Approval and ratification of the Final Recess 

On 8 October 1802, the mediating Powers transmitted to the Deputation their second general compensation plan whose many modifications reflected the considerable number of claims, memoirs, petitions and observations they had received from all quarters. A third plan was transmitted in November and a final one in mid-February 1803. It served as the basis for the Final Recess that the Deputation issued at its 46th meeting on 25 February 1803.  The Imperial Diet approved it on 24 March and the Emperor ratified it on 27 April. The Emperor however made a formal reservation with respect to the reallocation of seats and votes within the Imperial Diet. While he accepted the new ten-member College of Electors, which would for the first time have a Protestant majority, he objected to the strong Protestant majority within the new College of Princes (77 Protestant vs 53 Catholic votes, plus 4 alternating votes), where traditionally the Emperor's influence had been the most strongly felt, and he proposed religious parity instead. Discussions regarding this matter were still ongoing when the Empire was dissolved in 1806.

Consequences

End of the ecclesiastical principalities

Under the terms of the Final Recess, all the ecclesiastical principalities – archbishoprics, bishoprics and abbeys – were dissolved except for the Archbishopric-Electorate of Mainz, the Teutonic Order and the Order of Malta. Archbishop Karl Theodor von Dalberg of Mainz had salvaged his Electorate by convincing Bonaparte that his position as Imperial Archchancellor was essential to the functioning of the Empire. As much of his Electorate, including the cathedral city of Mainz, had been annexed by France, the archbishopric was translated to Regensburg and augmented with some remnants of the Electorate east of the Rhine, and Wetzlar. Dalberg, who was confirmed as Elector and Imperial Archchancellor and gained the new title of Primate of Germany, was to prove a constant and useful ally of Napoleon during the coming years. In addition, under the dogged insistence of the Emperor, the Teutonic Order, whose Grand Master was generally an Austrian archduke, as well as the Knights of St John (Knights of Malta), were also spared and their scattered small domains were augmented with several nearby abbeys. The intent here was to provide livings for some of the 700 noble members of the cathedral chapters whose property and estates had been expropriated when the prince-bishoprics were secularized.
Some prince-bishoprics were transferred whole to a new owner while others, such as Münster, Trier, Cologne, Würzburg, Augsburg, Freising, Eichstätt, Passau and Constance, were either split between two or several new owners or had some districts or exclaves allotted to different new owners. The substantial property and estates of the bishoprics' cathedral chapters were also expropriated. 

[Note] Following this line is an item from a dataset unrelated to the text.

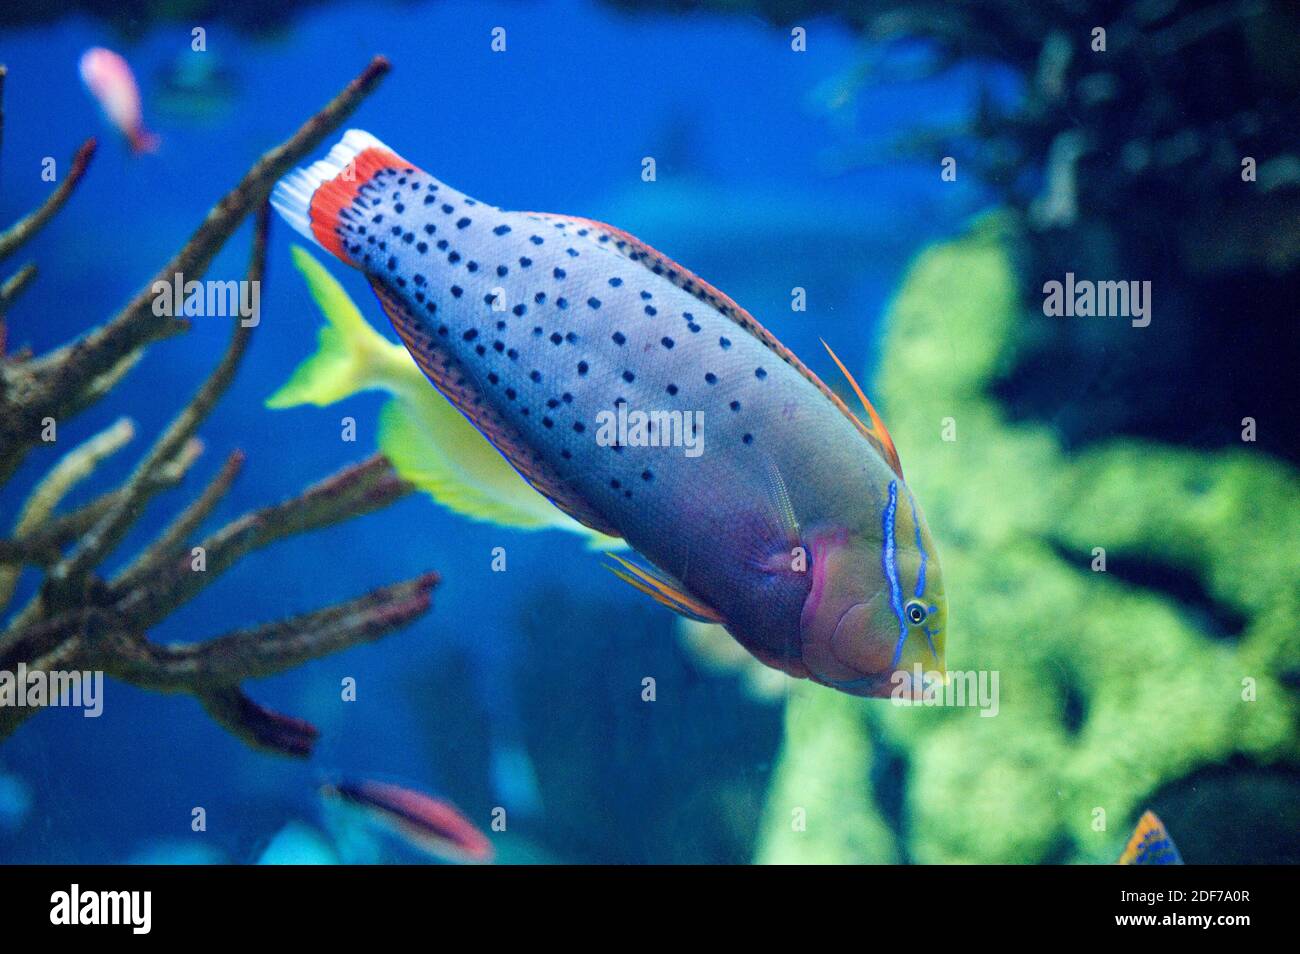 Queen coris or Formosa wrasse (Coris formosa) is a marine fish native to tropical Indian Ocean. Adult specimen. Stock Photo

The Final Recess detailed the financial and other obligations of the new rulers toward the former rulers, dignitaries, administrators and other civilian and military personnel of the abolished ecclesiastical principalities. The former prince-bishops and prince-abbots remained immediate to the emperor for their own person. They retained extensive authority, including judicial jurisdiction in civil and some criminal matters over their servants (art. 49). They retained the title and ranking of prince-bishop or prince-abbot for life and were entitled to a number of honors and privileges (art. 50). However, the prince-bishops' palatial residences, such as the Würzburg Residence and Schloss Nordkirchen, passed to new owners and the bishops were granted more modest lodgings as well as the use of a summer residence. The former prince-bishops, prince-abbots and imperial abbots and abbesses were entitled to an annual pension ranging from 20,000 to 60,000 gulden, 6,000 to 12,000 gulden and 3,000 to 6,000 gulden respectively, depending on their past earnings (art. 51). While secularisation stripped the prince-bishops of their political power and abolished their principality, they were still bishops and they retained normal pastoral authority over their diocese, parishes and clergy. Some, such as Bishop Christoph Franz von Buseck of Bamberg, adjusted to their diminished circumstances and stayed in their diocese to carry on their pastoral duties; others, such as Archbishop Hieronymus von Colloredo of Salzburg, abandoned their pastoral duties to auxiliary bishops and went to live in Vienna or on their family estates.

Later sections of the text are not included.